# K-Armed Bandits

How to Learn from Evaluative Feedback in a Nonassociative Setting

K-armed bandits are a foundational method for solving problems based on evaluative instead of instructive feedback as used in supervised learning. The intention of this blog post is to introduce reinforcement learning in a simplified nonassociative setting in form of a $k$-armed bandit problem before we analyze associative settings, e.g. when the best action depends on a specific situation, as required for solving the ‘learning to rank problem’ introduced in Personalize Learning to Rank Results through Reinforcement Learning ðŸ˜„

Nonetheless, many problems can be formulated within the multi-armed bandit framework, which makes it a useful tool in a machine learning toolbox.
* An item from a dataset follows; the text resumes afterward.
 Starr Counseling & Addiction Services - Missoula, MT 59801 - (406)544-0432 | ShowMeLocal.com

## The $k$-Armed Bandit Problem

Assume you are in a situation where you have to choose amongst k different options repeatedly. The set of options is also called *set of actions*. Each action is associated with a numerical reward from a stationary probability distribution. The primary goal is to maximize the expected total reward for some time period.
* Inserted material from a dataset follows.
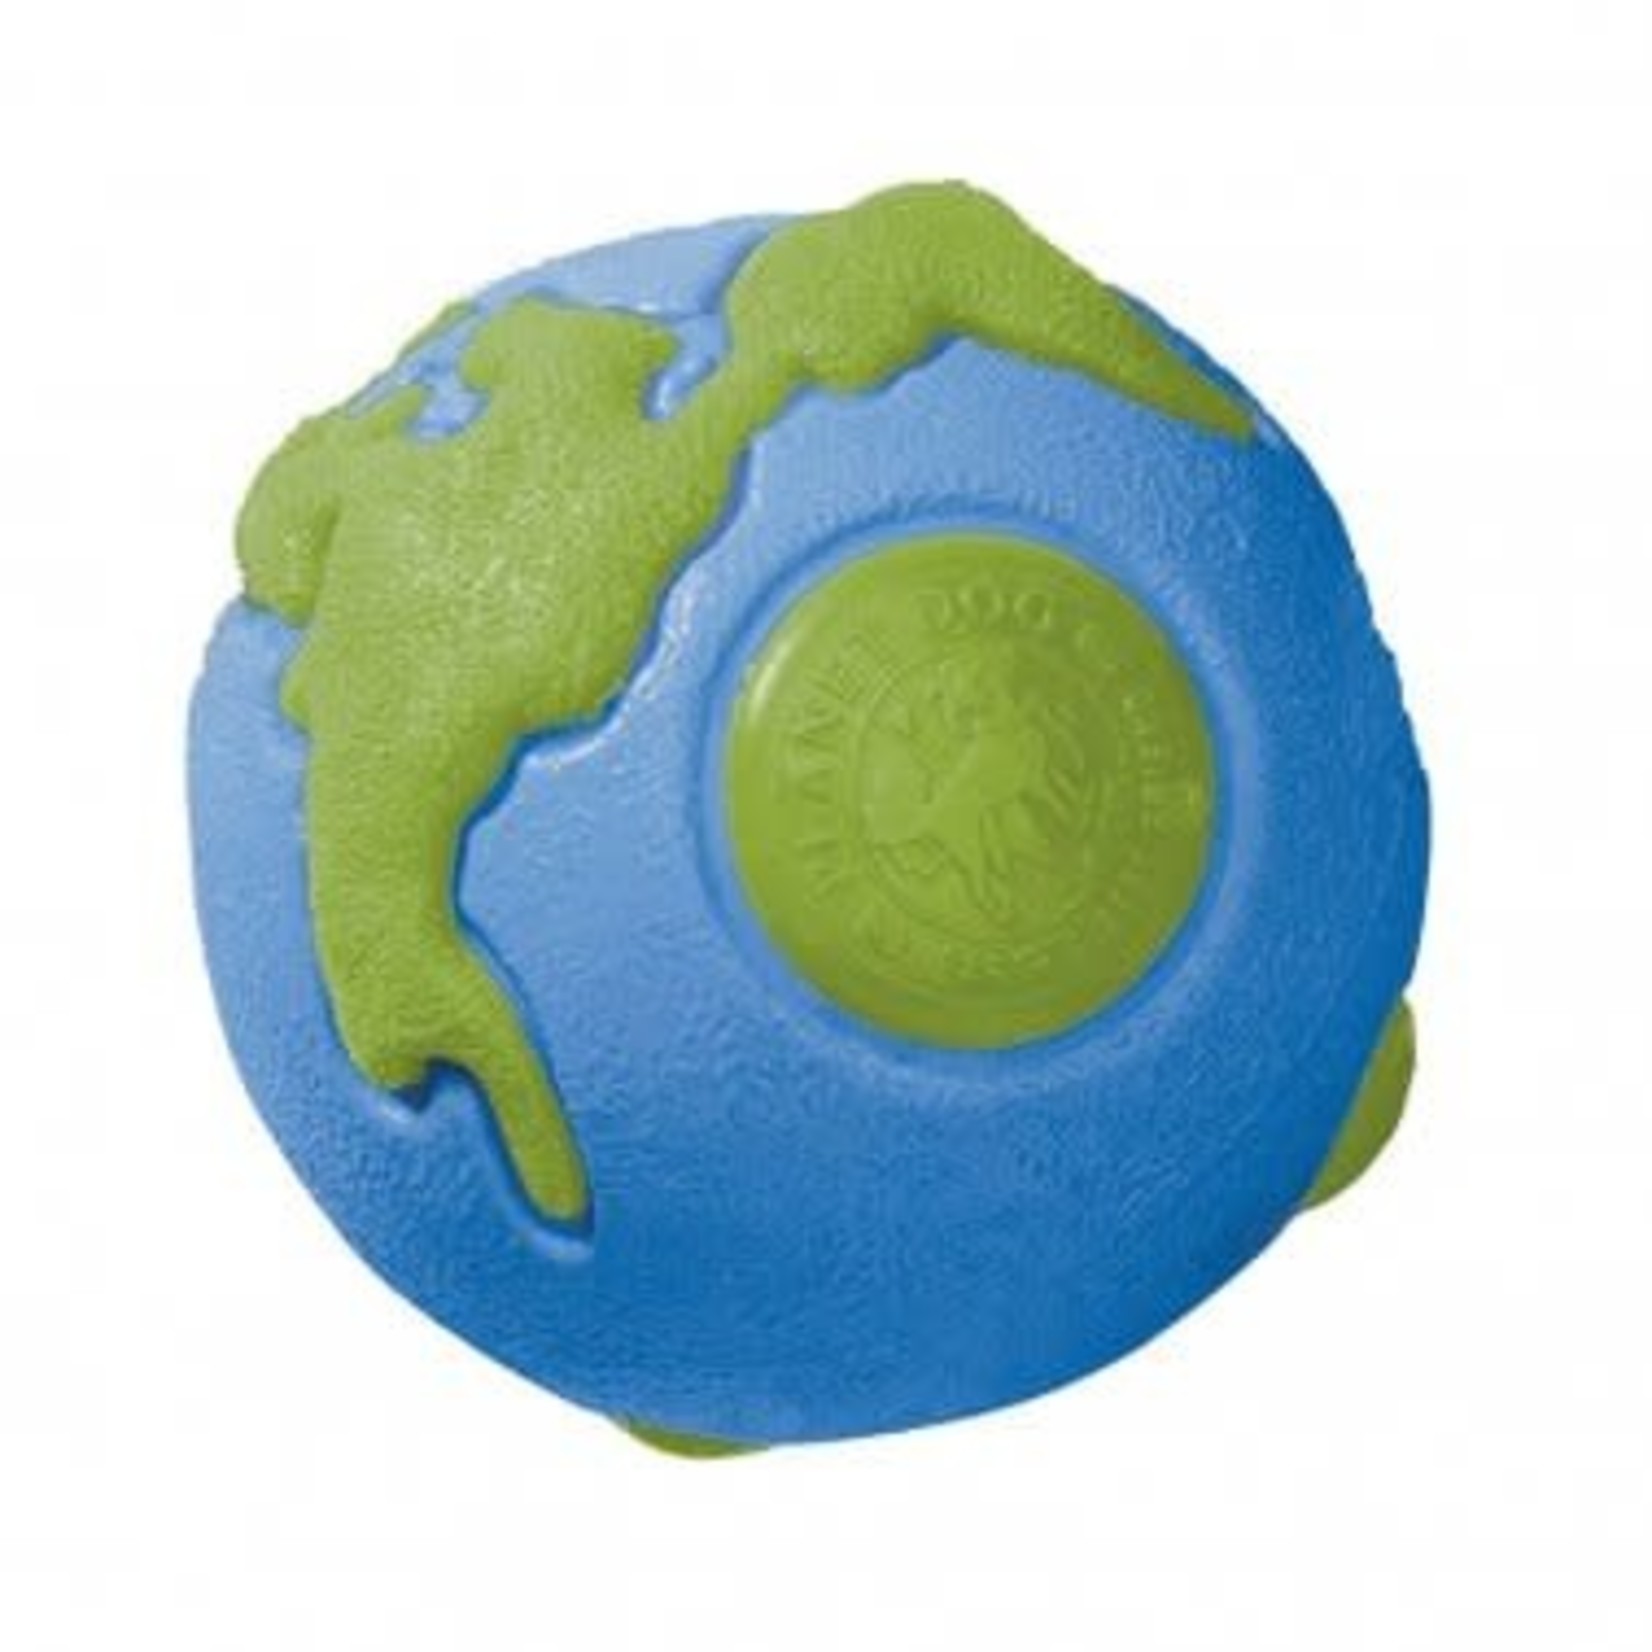 Planet Dog Planet Dog Orbee Ball Blue/Green Medium

The problem formulation is the original form of the $k$-armed bandit problem, where the term and the problem resembles playing at a slot machine or *one-armed bandit* with $k = 1$. For $k = n$ each action selection corresponds to play one of the machine’s $n$ levers, where the rewards are the payoffs for hitting the jackpot. Another area of application would be a homogeneous group of shop visitors where a sales person tries to make the right offer from $k$ offers, with the reward being, that a shop visitor accepts and buys the offer. Here, we are already able to see the versatility of $k$-armed bandits, given a nonassociative setting with stationary reward distributions.

The *value* of an action is the expected or mean reward, given that the action is selected. Typically, the selected action at timestep $t$ is denoted as $A_t$ and the corresponding reward as $R_t$, subsequently the value of an arbitrary action $a$, denoted as $q_{*}(a)$, is the expected reward given the circumstance $a$ is selected:

$$ q_{*}(a) = \mathbb{E}[R_t | A_t = a] $$

Because we do not know the value $q_{*}(a)$ of each possible action with certainty, we need to maintain value estimates Q_t(a) with the goal to be close to $q_{*}(a)$.

At each timestep $t$ there is at least one action with the greatest value amongst the maintained action value estimations. Those action are called $greedy$ actions. Selecting greedy actions corresponds to the *exploitation* of your current knowledge, wheras selecting a non-greedy action corresponds to the *exploration* of your knowledge by improving non-greedy action value estimates. If the goal is to maximize the reward at the current time step, choosing a greedy action is the right choice. Typically, however, this is a myopic approach to action selection, as *exploration* may lead to the discovery of actions with higher rewards by improving the action value estimations of non-greedy actions.